La questione, però, merita un’analisi meno superficiale.
Il 9 agosto 2026, con aggiornamento del 10 agosto, elDiario.es ha dedicato un approfondimento proprio a questa apparente contraddizione, osservando come il governo italiano contesti la regolarizzazione spagnola mentre mantiene un sistema di ingresso per quote destinato ad ammettere circa mezzo milione di lavoratori extracomunitari tra il 2026 e il 2028.
Il dato italiano non è una stima giornalistica. Il decreto del Presidente del Consiglio dei ministri del 2 ottobre 2025, pubblicato nella Gazzetta Ufficiale del 15 ottobre 2025, ha programmato per il triennio 2026-2028 complessivamente 164.850 ingressi nel 2026, 165.850 nel 2027 e 166.850 nel 2028. In totale, 497.550 cittadini stranieri residenti all’estero possono essere ammessi nell’ambito delle quote per lavoro subordinato stagionale e non stagionale e per lavoro autonomo.
La Spagna ha seguito una strada differente.
Il Governo Sánchez ha approvato nell’aprile 2026 una regolarizzazione amministrativa straordinaria destinata agli stranieri già presenti nel Paese. Il procedimento consente, a determinate condizioni, a persone in situazione amministrativa irregolare e a richiedenti protezione internazionale di ottenere un’autorizzazione di soggiorno e lavoro. È richiesta, tra l’altro, la presenza in Spagna da prima del 1° gennaio 2026, una permanenza continuativa di almeno cinque mesi e l’assenza di precedenti penali o di condizioni ostative relative all’ordine e alla sicurezza pubblica.
Il Governo spagnolo ha stimato in circa mezzo milione i potenziali beneficiari della misura e ha presentato la regolarizzazione come uno strumento di normalizzazione della posizione di persone che già vivono, lavorano e hanno costruito relazioni sociali nel Paese.
A questo punto, però, la domanda non dovrebbe essere se la Spagna abbia ragione e l’Italia torto, oppure il contrario.
La domanda dovrebbe essere molto più concreta: prima di cercare nuova manodopera all’estero, uno Stato dovrebbe verificare quanta della popolazione straniera già presente sul proprio territorio potrebbe essere inserita legalmente nel mercato del lavoro?
È questo il punto sul quale il confronto tra i due modelli diventa realmente interessante.
L’Italia ha indubbiamente bisogno di lavoratori stranieri. Lo dimostra la dimensione stessa della programmazione dei flussi. Agricoltura, turismo, edilizia, industria, assistenza familiare e numerosi altri settori incontrano difficoltà nel reperimento della manodopera necessaria.
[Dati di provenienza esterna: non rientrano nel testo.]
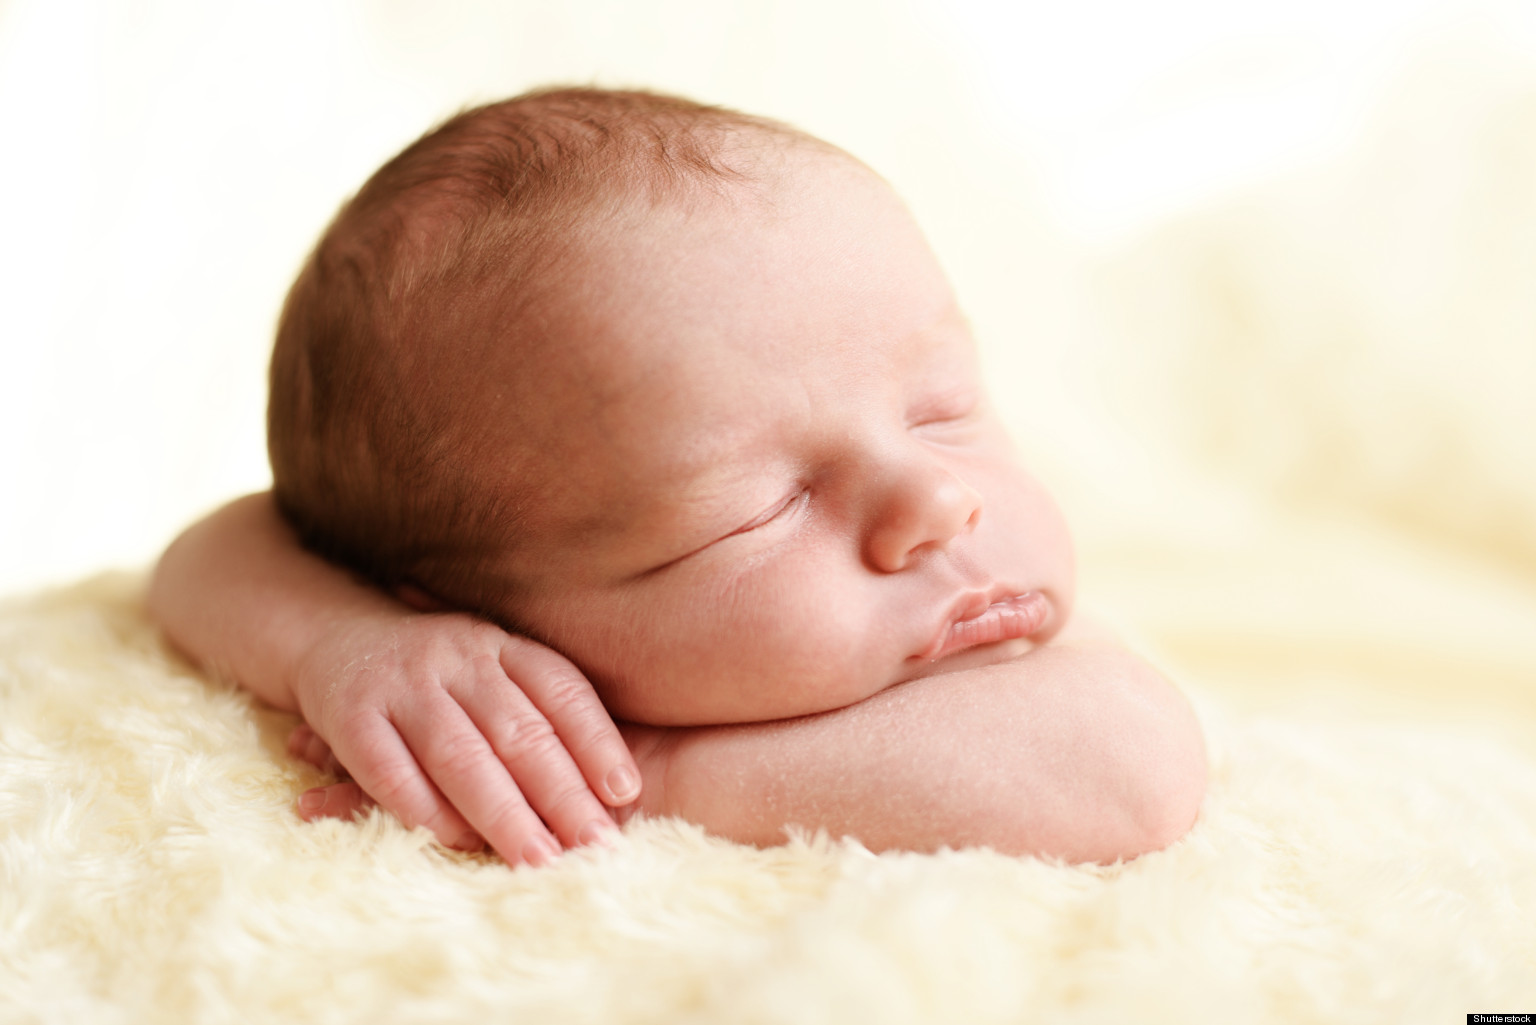 Newborn Babies Are Terrifying -- Seriously

Ma contemporaneamente sul territorio italiano vivono cittadini stranieri che lavorano in condizioni irregolari, persone che hanno perso il titolo di soggiorno, richiedenti protezione internazionale, ex richiedenti asilo, lavoratori entrati attraverso precedenti decreti flussi e successivamente rimasti senza l’impiego promesso, oppure persone che hanno sviluppato negli anni relazioni sociali e lavorative senza riuscire a stabilizzare definitivamente la propria posizione amministrativa.
Il problema, allora, è capire se abbia senso programmare continuamente nuovi ingressi senza avere prima una fotografia precisa delle risorse umane già presenti nel Paese.
L’articolo di elDiario.es mette peraltro in evidenza un’altra criticità del sistema italiano: secondo le testimonianze e le organizzazioni richiamate dalla testata, una parte dei lavoratori ammessi attraverso il Decreto Flussi si troverebbe, una volta arrivata in Italia, senza il datore di lavoro che aveva originariamente richiesto l’ingresso oppure coinvolta in meccanismi fraudolenti di intermediazione. La testata riporta anche il caso di un lavoratore bengalese che afferma di aver pagato 10.000 euro a un intermediario con la promessa di ottenere lavoro e documenti in Italia.
È un paradosso evidente.
Lo Stato programma l’ingresso legale di un lavoratore perché un’impresa dichiara di averne bisogno. Il lavoratore affronta costi, procedure consolari e trasferimenti internazionali. Arriva in Italia. Ma se il rapporto di lavoro non viene effettivamente costituito, proprio il canale progettato per contrastare l’immigrazione irregolare rischia di produrre nuova irregolarità.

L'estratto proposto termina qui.